Dataset excerpt below:

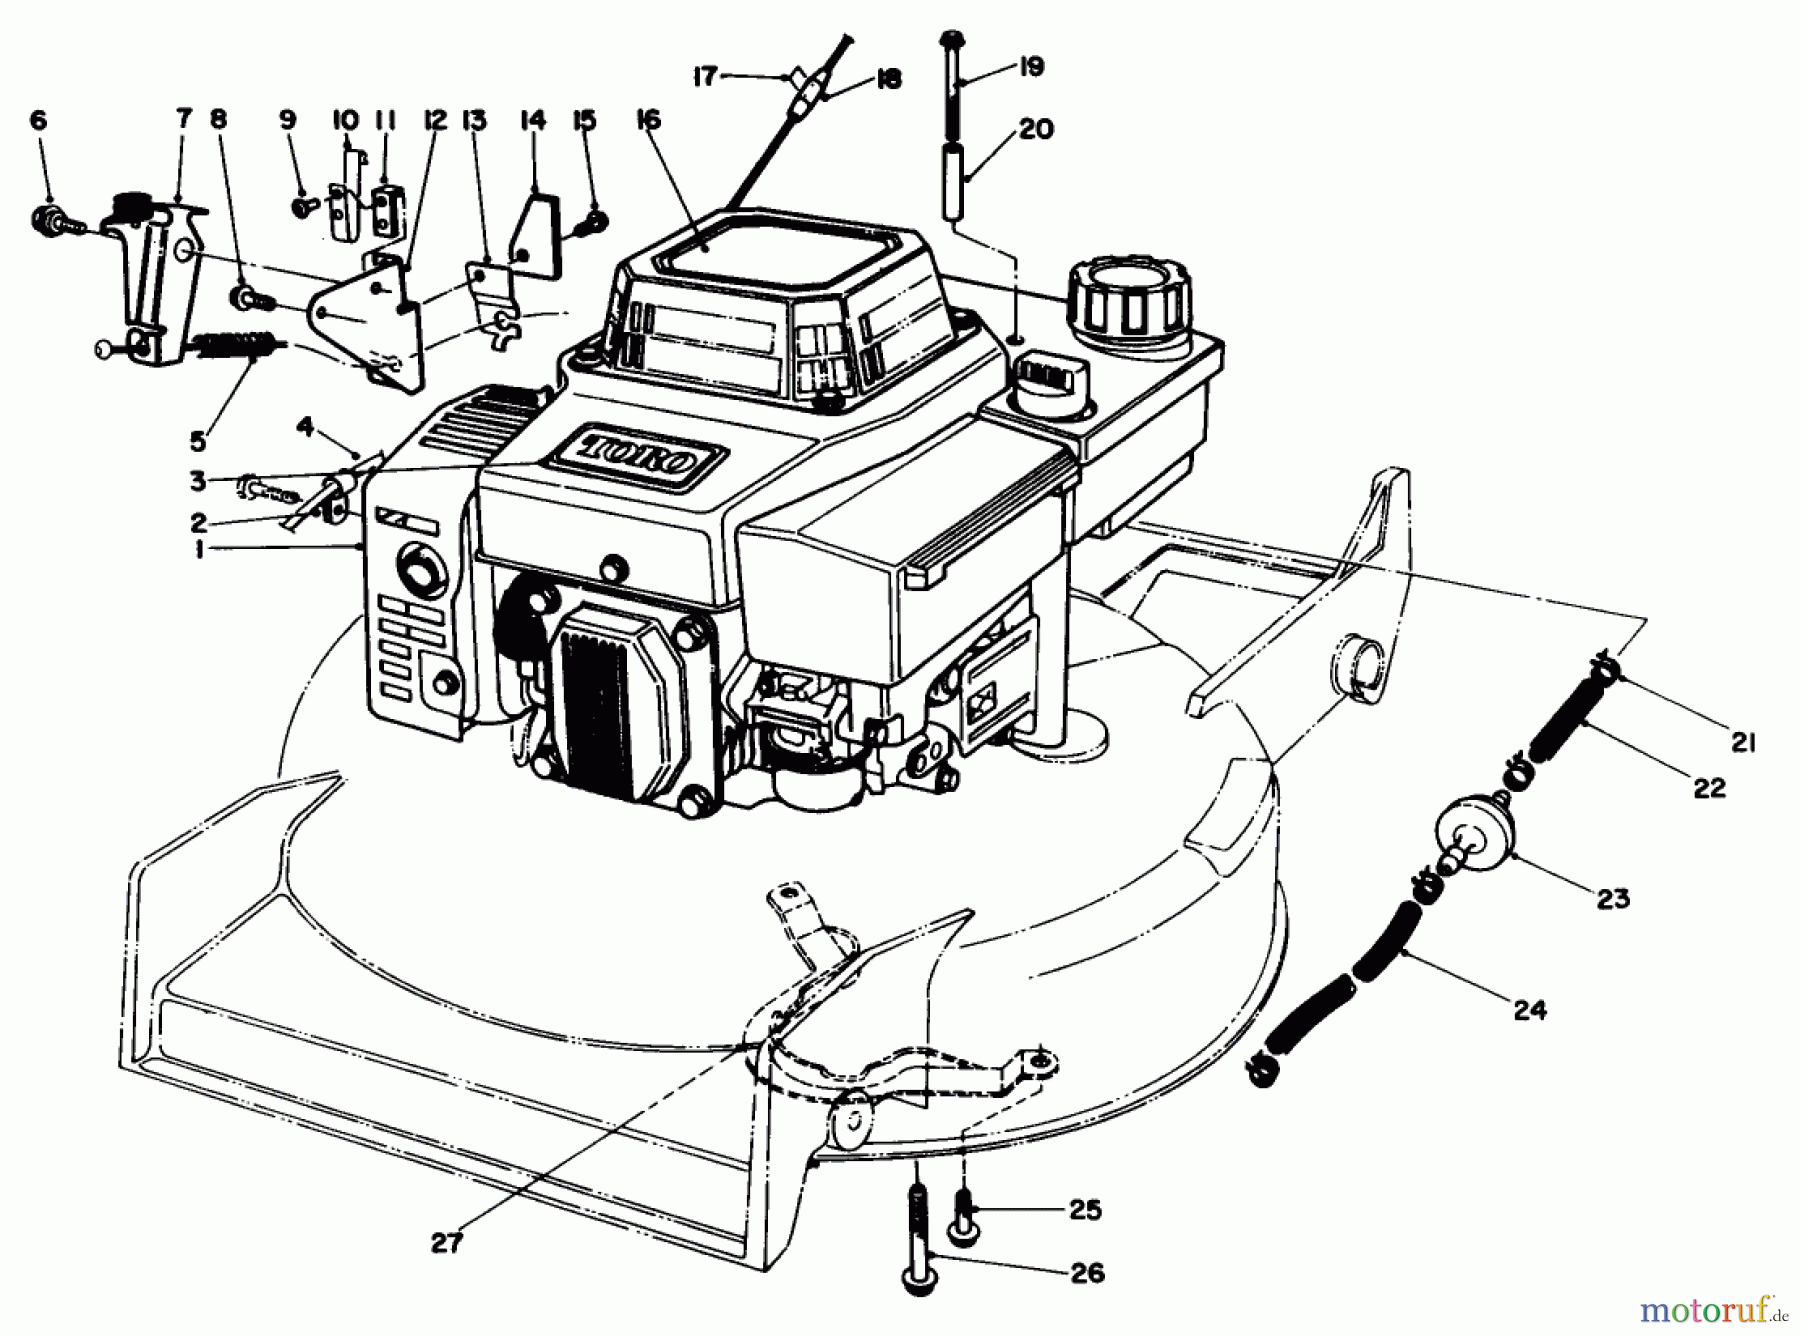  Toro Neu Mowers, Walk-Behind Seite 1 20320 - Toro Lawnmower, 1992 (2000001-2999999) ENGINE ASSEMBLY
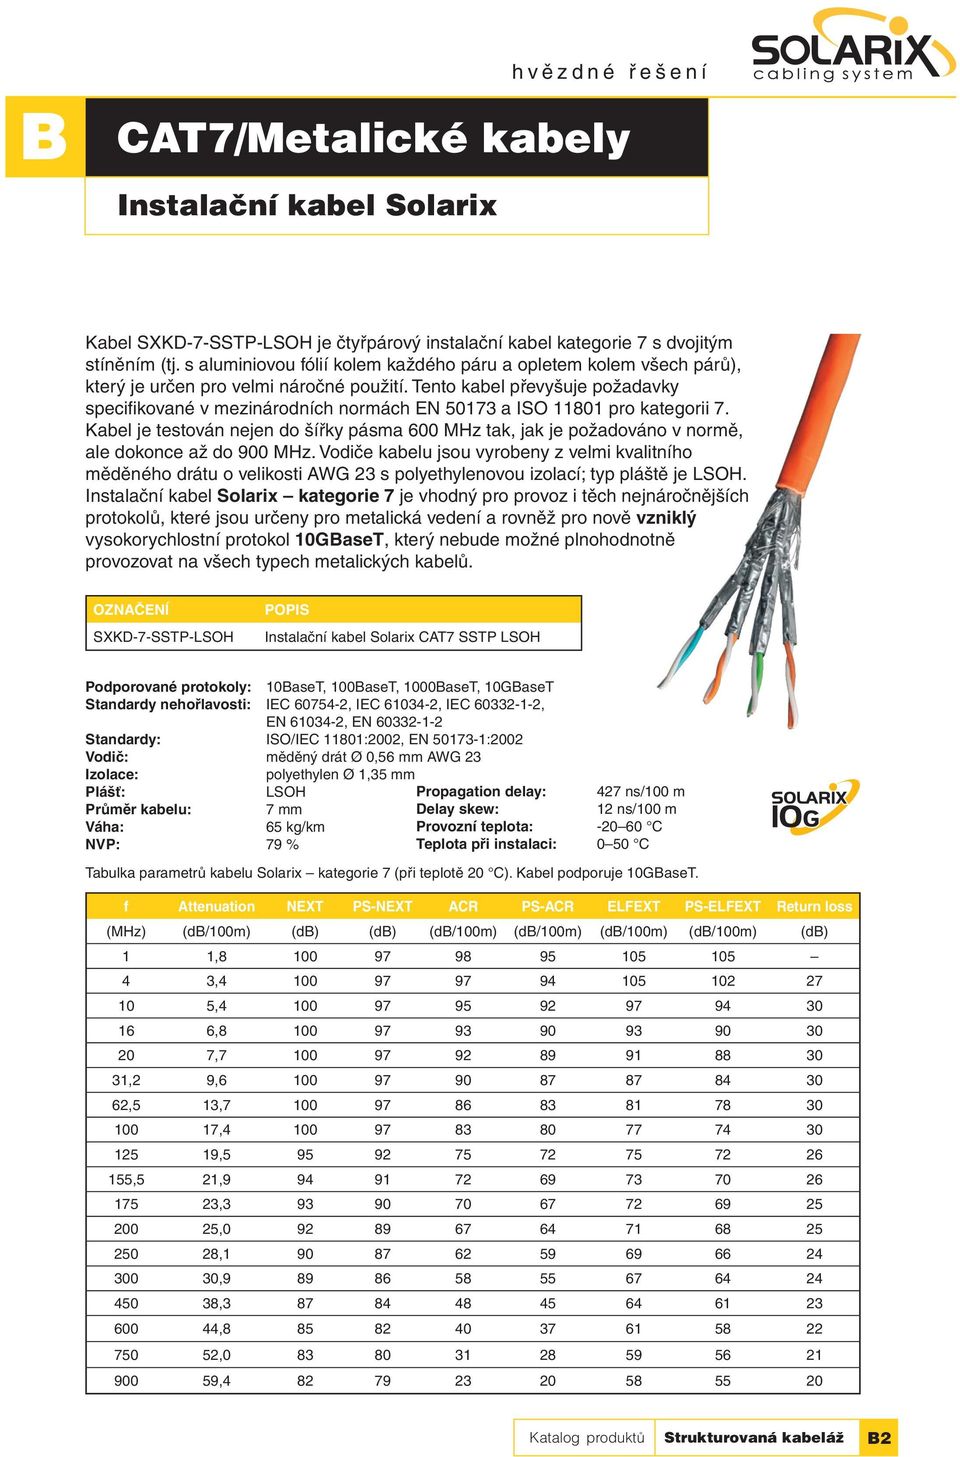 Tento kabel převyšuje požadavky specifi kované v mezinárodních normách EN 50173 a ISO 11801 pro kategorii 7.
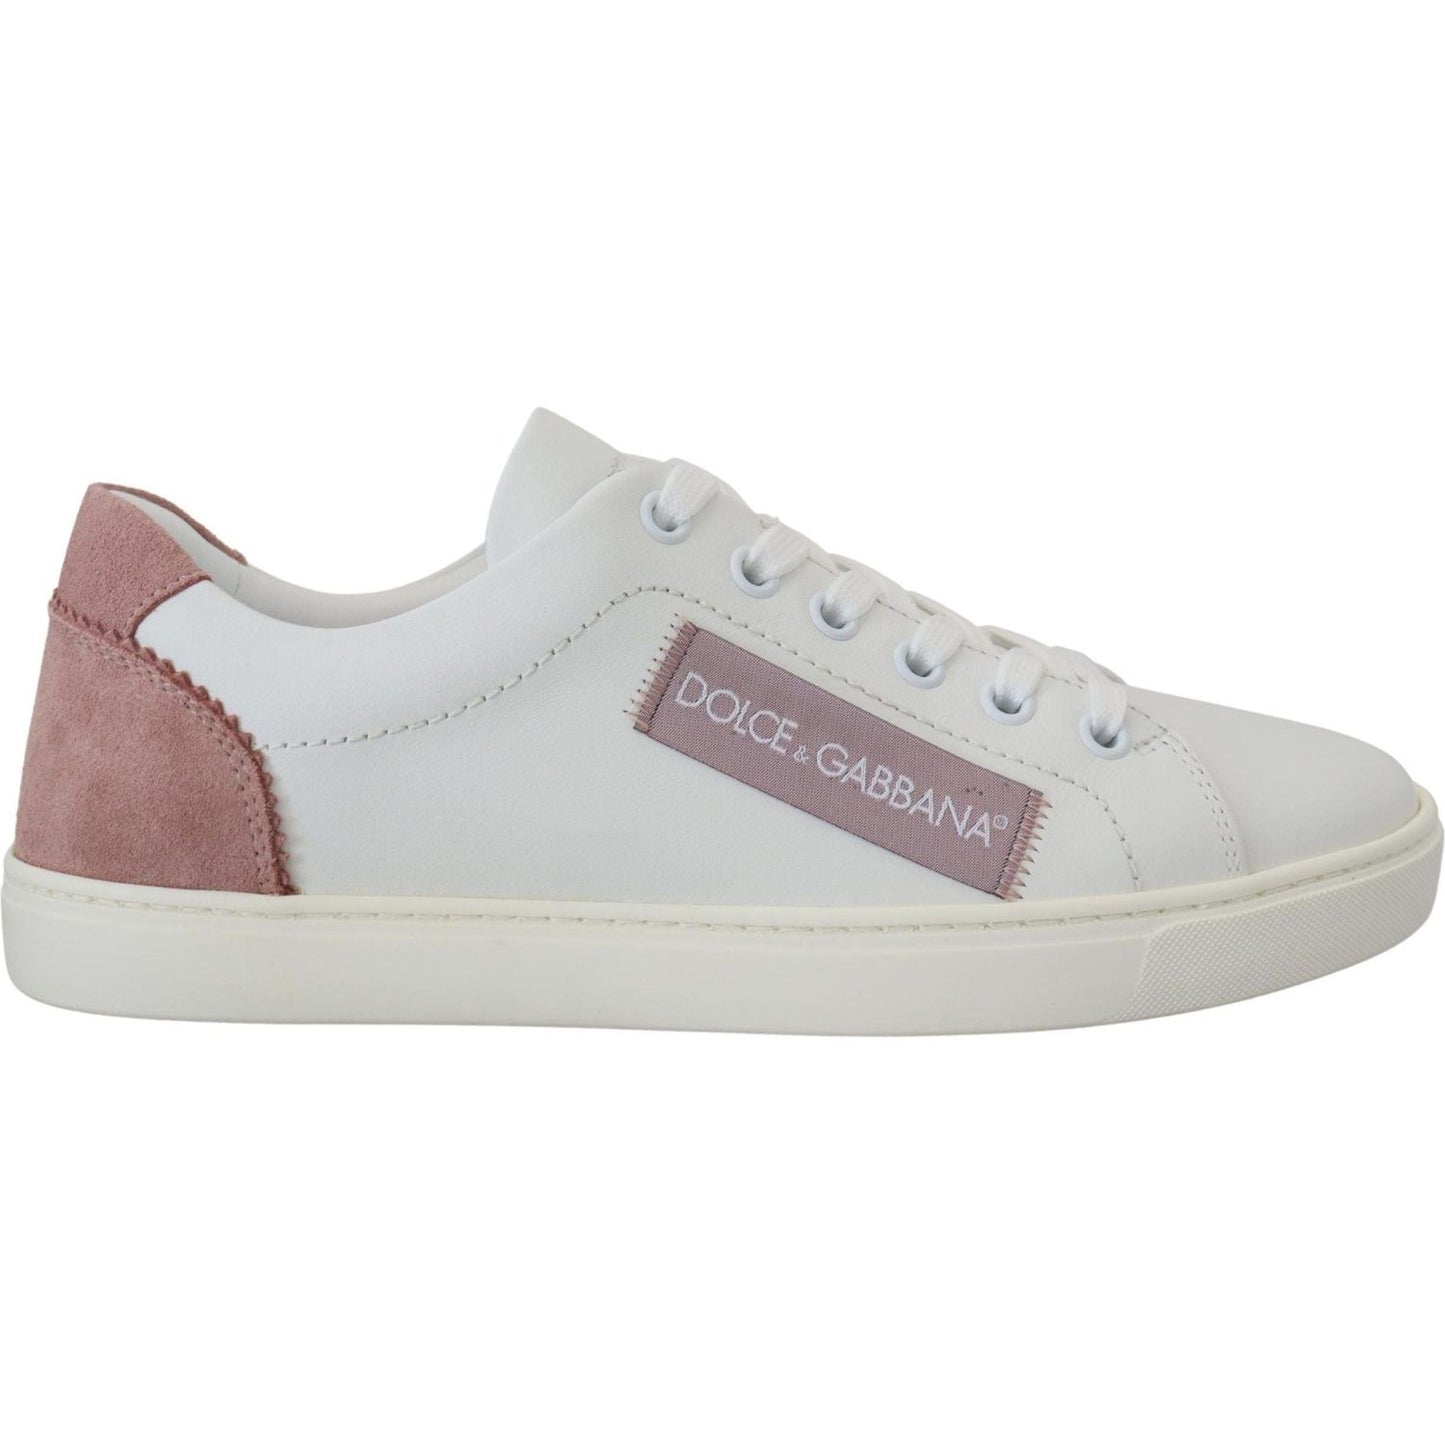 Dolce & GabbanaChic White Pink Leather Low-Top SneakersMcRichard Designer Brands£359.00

End of Dataset excerpt.

Could you set down the data exactly as given, minus its pictures?

  Toro Neu Mowers, Walk-Behind Seite 1 20320 - Toro Lawnmower, 1992 (2000001-2999999) ENGINE ASSEMBLY
 Tento kabel převyšuje požadavky specifi kované v mezinárodních normách EN 50173 a ISO 11801 pro kategorii 7.
 Dolce & GabbanaChic White Pink Leather Low-Top SneakersMcRichard Designer Brands£359.00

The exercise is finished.